Joanna Wiebe’s question hung in the air. Blame it on being starstruck by a copywriter of her stature or the simple human desire to avoid the line of fire, but all that followed was an uncomfortable silence.
“Okay, let’s make this a bit easier. What was the goal of the last marketing email you sent?”
Again, silence. Then a voice.
“I suppose,” began Jordan Simas, previously a growth marketer at Shopify where Joanna’s event was taking place, “my goal was to figure out what pain my audience was already experiencing, show it to them in the subject line, and then jab them with it over and over inside the email until they got so uncomfortable they had no other choice but to click my call to action.”
Slowly, a smile stretched across Joanna’s face.
“Yes!” she exclaimed, “I might not have said it quite like that, and there are other approaches than fear and pain. But yes! And not just for email. To convert — to get someone to take action — marketing has to jolt people out of their inertia by a force stronger than that inertia. Unfortunately, most marketers are afraid to pick a fight.”
A Brief History: “The only thing we have to fear is fear itself”
Whether or not you’re familiar with Joanna Wiebe or Jordan Simas isn’t the point. The real question is: Are they right?
Should marketing be confrontational? Should you be afraid to use fear in your advertising, or should you embrace it, wield it, and drive it home?
The relationship between fear and marketing has a long and storied history.
In 1931, Robert Collier — one of the founding fathers of modern marketing — put it like this:
“There are only two reasons why your reader will do as you tell him to in your letter.
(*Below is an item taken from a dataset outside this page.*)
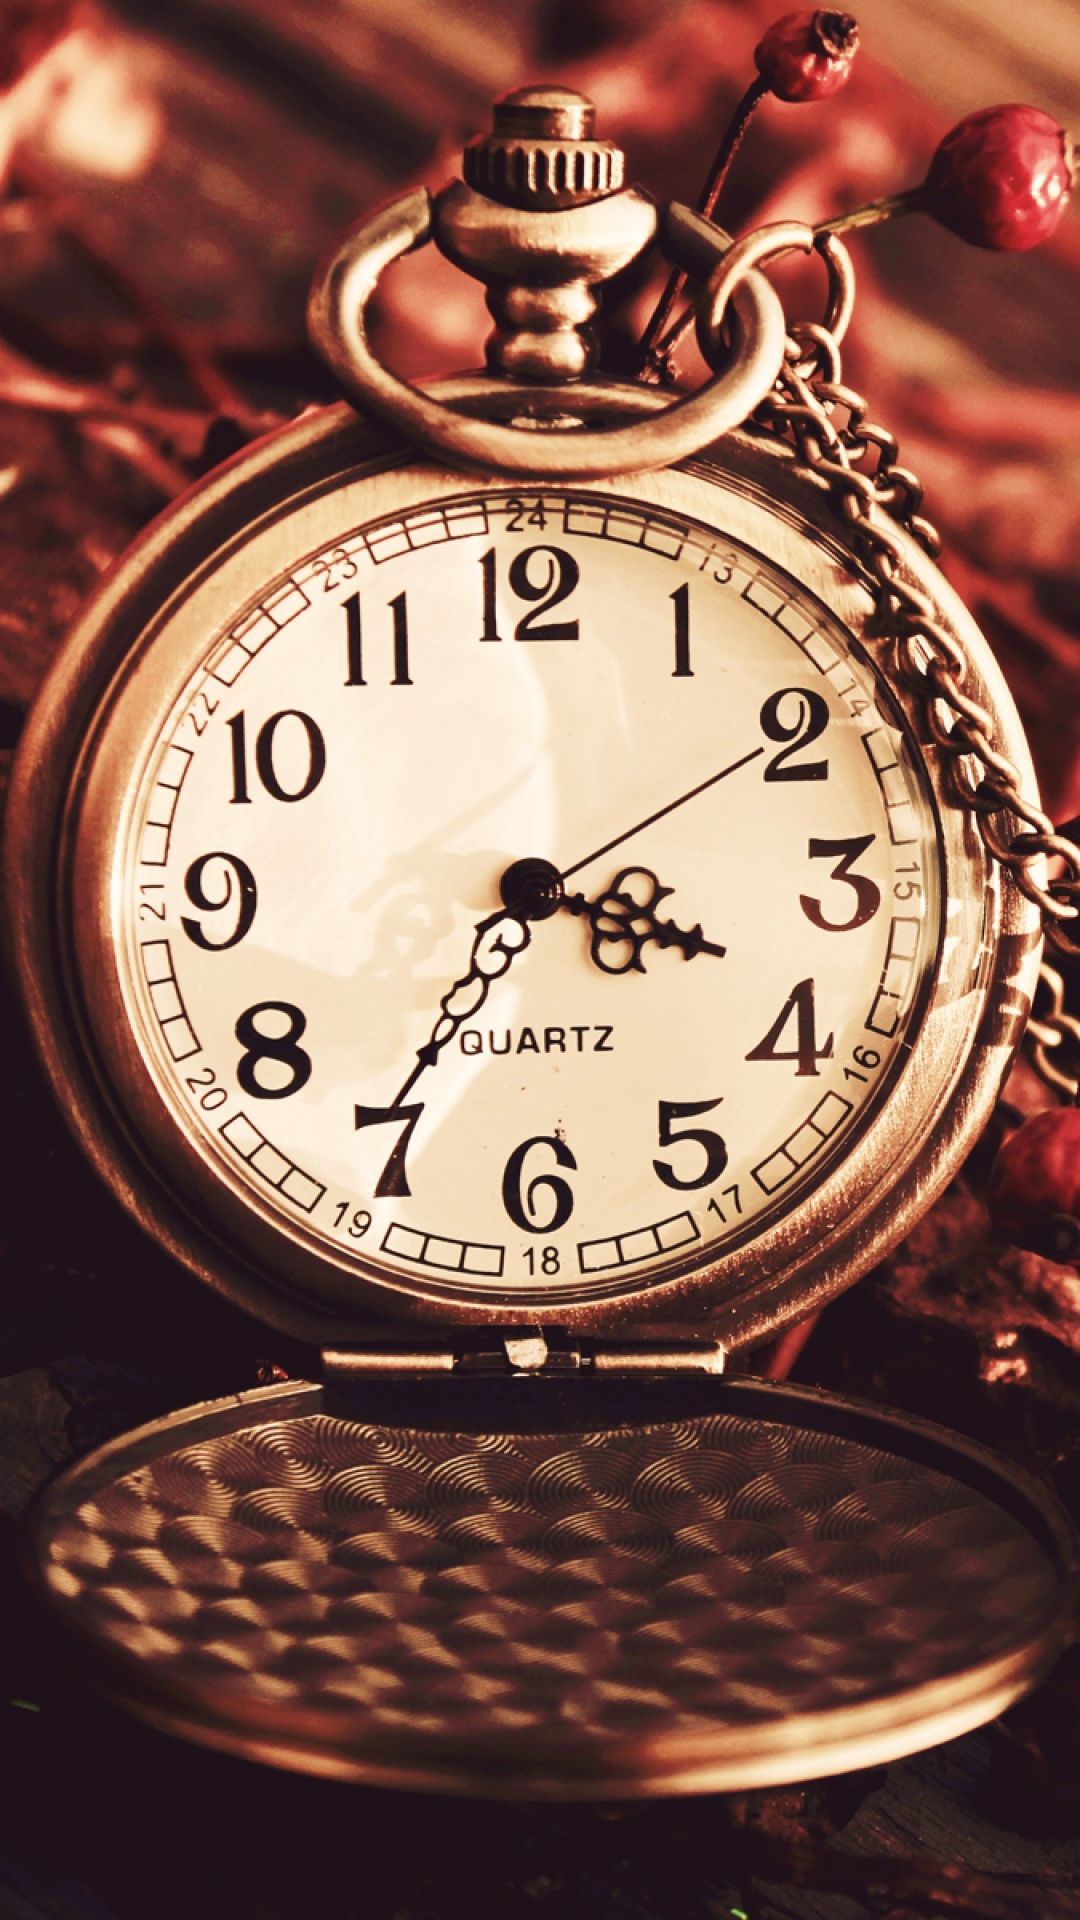 Vintage Watch Pocket Macro Autumn Berries Dry Chain Dial iPhone 8 Wallpaper Free Download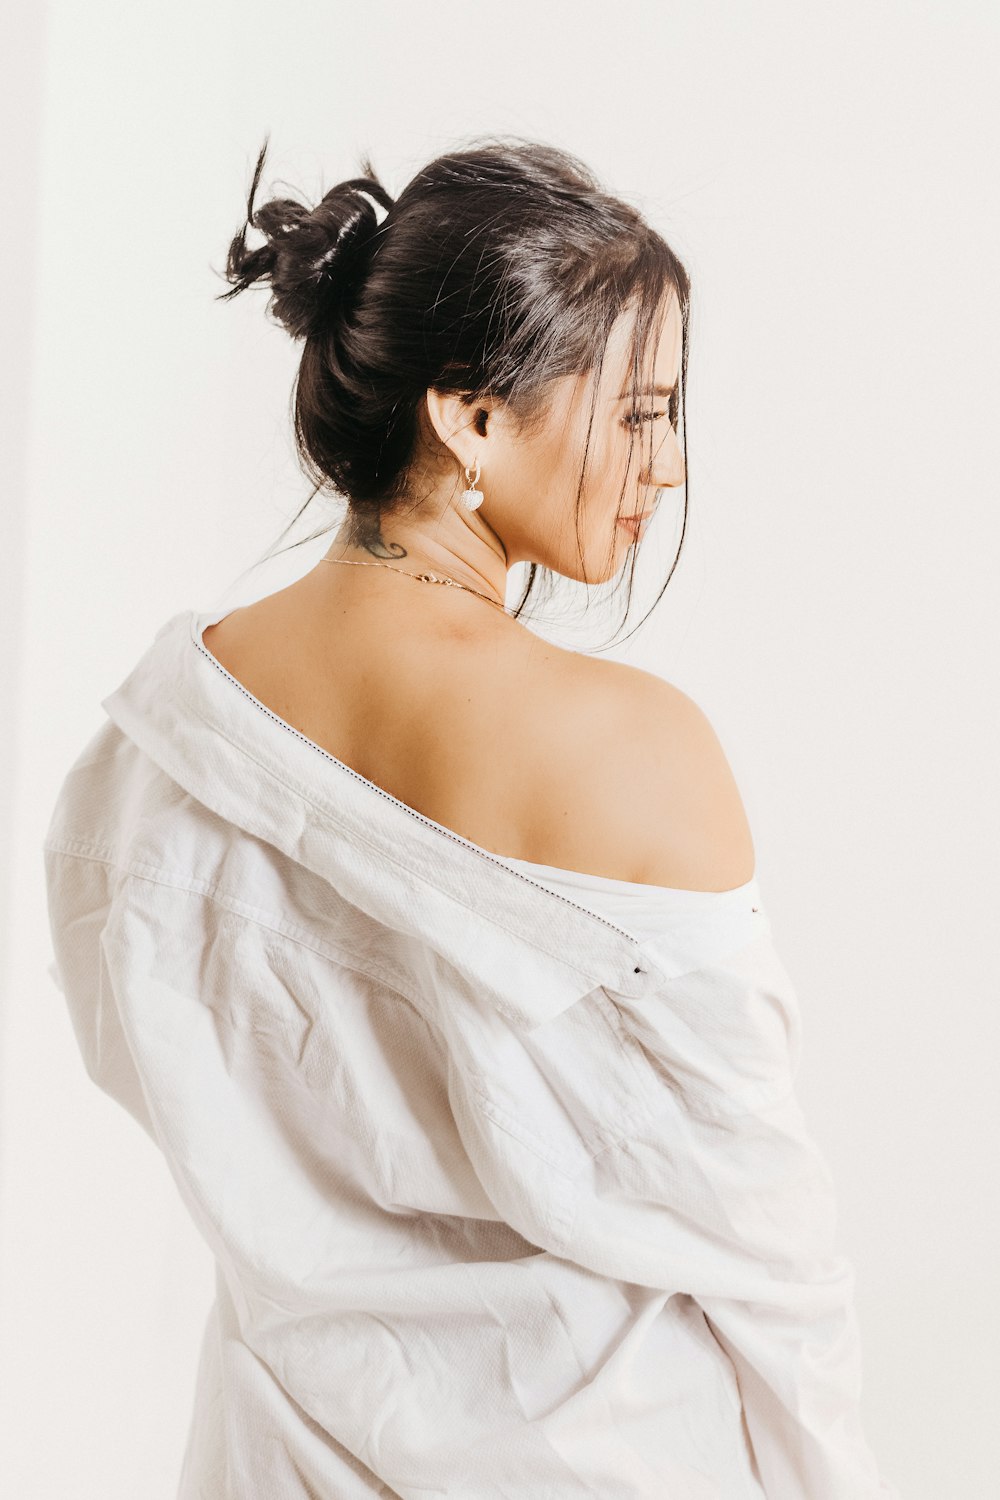 a woman in a white top with a tattoo on her shoulder

The first is that you have made him want something so badly that of his own inertia he reaches out for your order card to get it.
“The other is that you have aroused in him the fear that he will lose something worthwhile if he does not do as you say.”
In his 1966 classic, Breakthrough Advertising, Eugene Schwartz identified fear as one of the driving “mass desires” that fuels all successful marketing:
“Copy cannot create desire for a product. It can only take the hopes, dreams, fears, and desires that already exist in the hearts of millions of people, and focus those already-existing desires onto a particular product. This is the copywriter’s task: not to create this mass desire — but to channel and direct it.”
More recently, Joe Sugarman — the first marketers to use toll-free numbers and process credit card orders by phone — echoed the same sentiment:
“Fear is one of the great motivators that will cause us to take action. Give a person a reason to act based on the fact that they may lose the opportunity to buy something and they will usually act in a positive way toward your offer.”
And lastly, Dan Kennedy — the writer behind campaigns for brands as diverse as Proactiv and Tony Robbins — called fear, in the form of the problem, agitation, solution (PAS) template, “the most reliable sales formula ever invented:”
“Once the problem is established, clearly and factually, it’s time to inject emotion… Tap their anger, resentment, guilt, embarrassment, fear — any and every applicable negative emotion.
Of course, stacking up quotes from marketing legends only gets us so far. Perhaps a better question than “Should marketing be confrontational?” is “How can you infuse fear into your eCommerce marketing?”
The Case for eCommerce Antagonism
In the friendly, shiny world of eCommerce — particularly in industries where social media dominates — fear, confrontation, and antagonism can feel incredibly out of place. That’s why I’d like to look at three very recent examples of fear in action.
‘Is Your Best Friend in Pain?’
Big Barker, as you might expect, operates in the highly competitive pet industry. The company sells veterinary-endorsed, American-made beds for large breed dogs:
The marketing copy continually confronts dog owners with two realities: (1) the dangers of beds made with sub-par materials, and (2) the myriad health issues large dogs experience.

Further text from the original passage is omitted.